Track and judge agent behavior in online and offline setups. Set up Sentry-style alerts and analyze agent behaviors at scale.

[![PyPI](https://img.shields.io/pypi/v/judgeval)](https://pypi.org/project/judgeval/)
[![Docs](https://img.shields.io/badge/Documentation-blue)](https://docs.judgmentlabs.ai/documentation)
[![Judgment Cloud](https://img.shields.io/badge/Judgment%20Cloud-brightgreen)](https://app.judgmentlabs.ai/register)
[![Self-Host](https://img.shields.io/badge/Self--Host-orange)](https://docs.judgmentlabs.ai/documentation/self-hosting/get-started)
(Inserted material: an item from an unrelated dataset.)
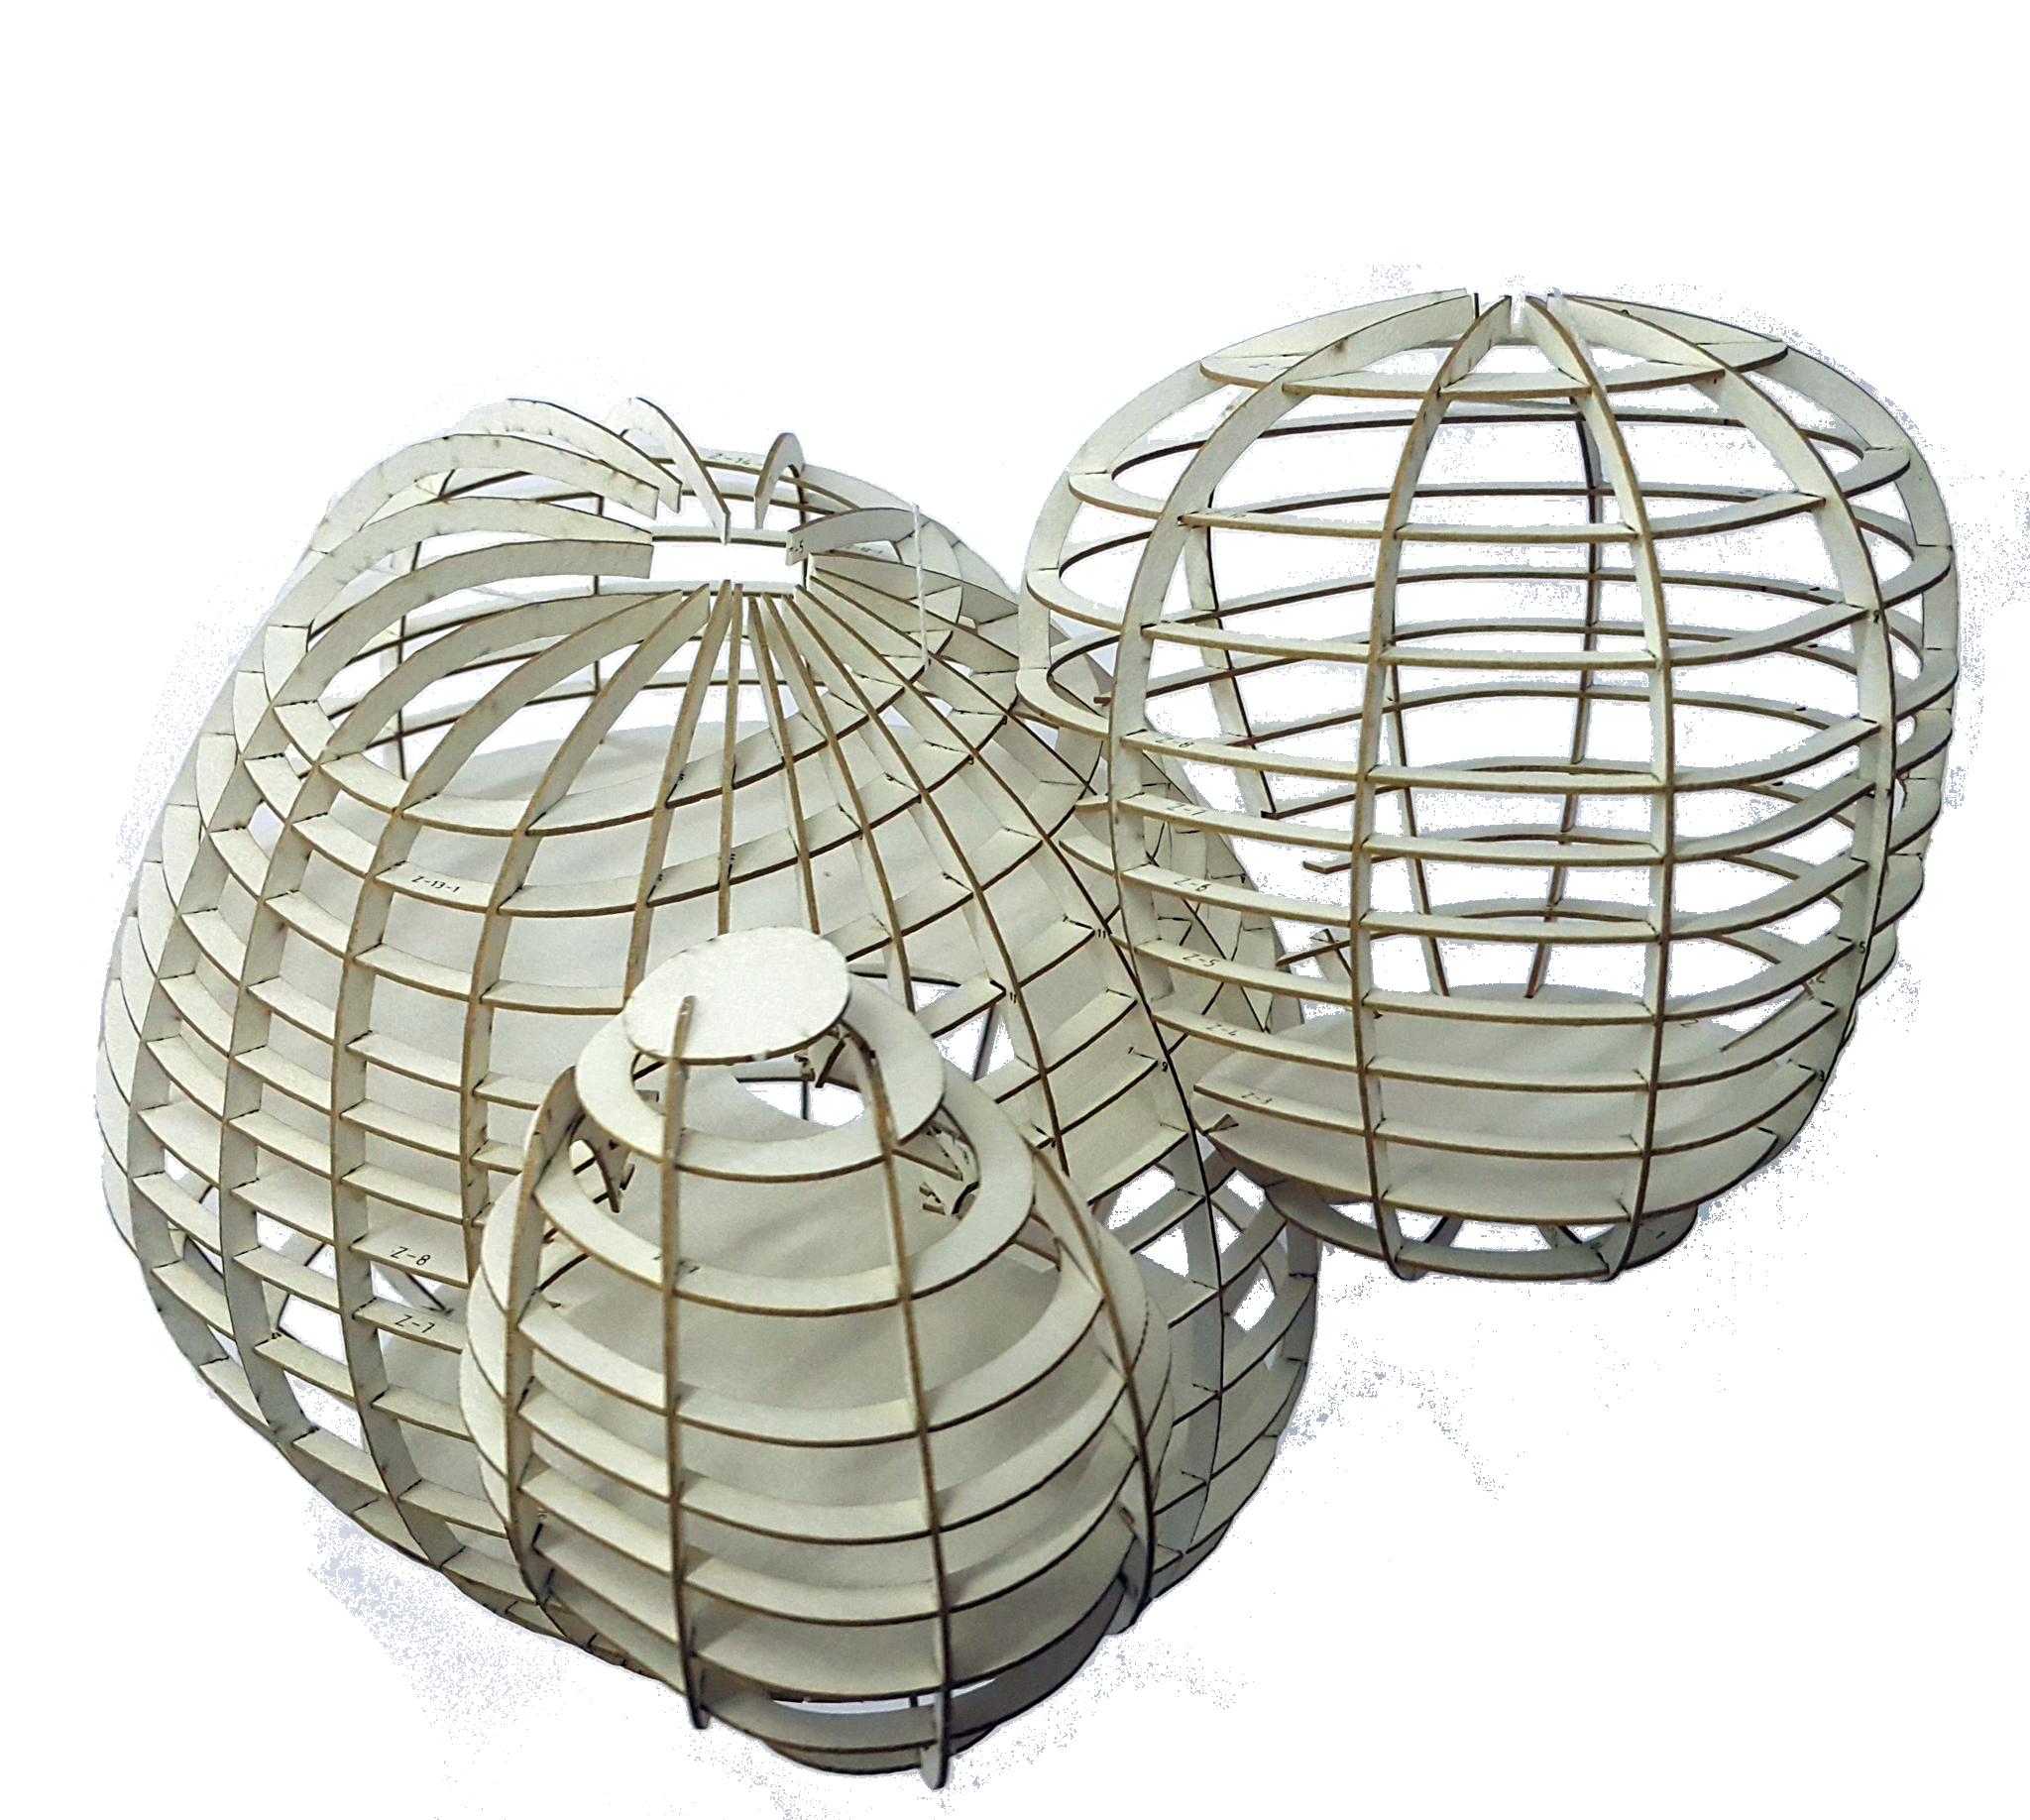 PLUG-IN Symbiotic/Parasitic Capsule Living Structure, 123D Make Cardboard Model - Student Project 2015, Shenkar, Israel, AK Design www.annakislitsina.com

[![X](https://img.shields.io/badge/-X/Twitter-000?logo=x&logoColor=white)](https://x.com/JudgmentLabs)
[![LinkedIn](https://custom-icon-badges.demolab.com/badge/LinkedIn%20-0A66C2?logo=linkedin-white&logoColor=fff)](https://www.linkedin.com/company/judgmentlabs)

</div>

## Overview

Judgeval is an open-source Python SDK for agent behavior monitoring. It provides tracing, evaluation, and online monitoring for LLM-powered applications, enabling you to catch failures in real time and improve agents from production data.

To get started, try one of the [cookbooks](#cookbooks) below or dive into the [docs](https://docs.judgmentlabs.ai/documentation).

## Why Judgeval

**OpenTelemetry-based tracing** -- Instrument any function with `@Tracer.observe()`. Automatically captures inputs, outputs, and LLM token usage. Built on OpenTelemetry for full compatibility with existing observability stacks.

**Hosted and custom evaluation** -- Run evaluations against Judgment's hosted scorers (faithfulness, answer relevancy, instruction adherence, etc.) or define your own `Judge` classes with binary, numeric, or categorical response types.

**Online monitoring** -- Score live production traffic asynchronously with `Tracer.async_evaluate()`. Runs server-side with no latency impact. Configure Slack alerts for failures.

**Custom scorer hosting** -- Upload arbitrary Python scorers to run in secure Firecracker microVMs. Any logic you can express in Python -- LLM-as-a-judge, code checks, multi-step pipelines -- can run as a hosted scorer.

**Dataset management and prompt versioning** -- Store golden evaluation sets, version prompt templates with `{{variable}}` syntax, and tag versions for production/staging workflows.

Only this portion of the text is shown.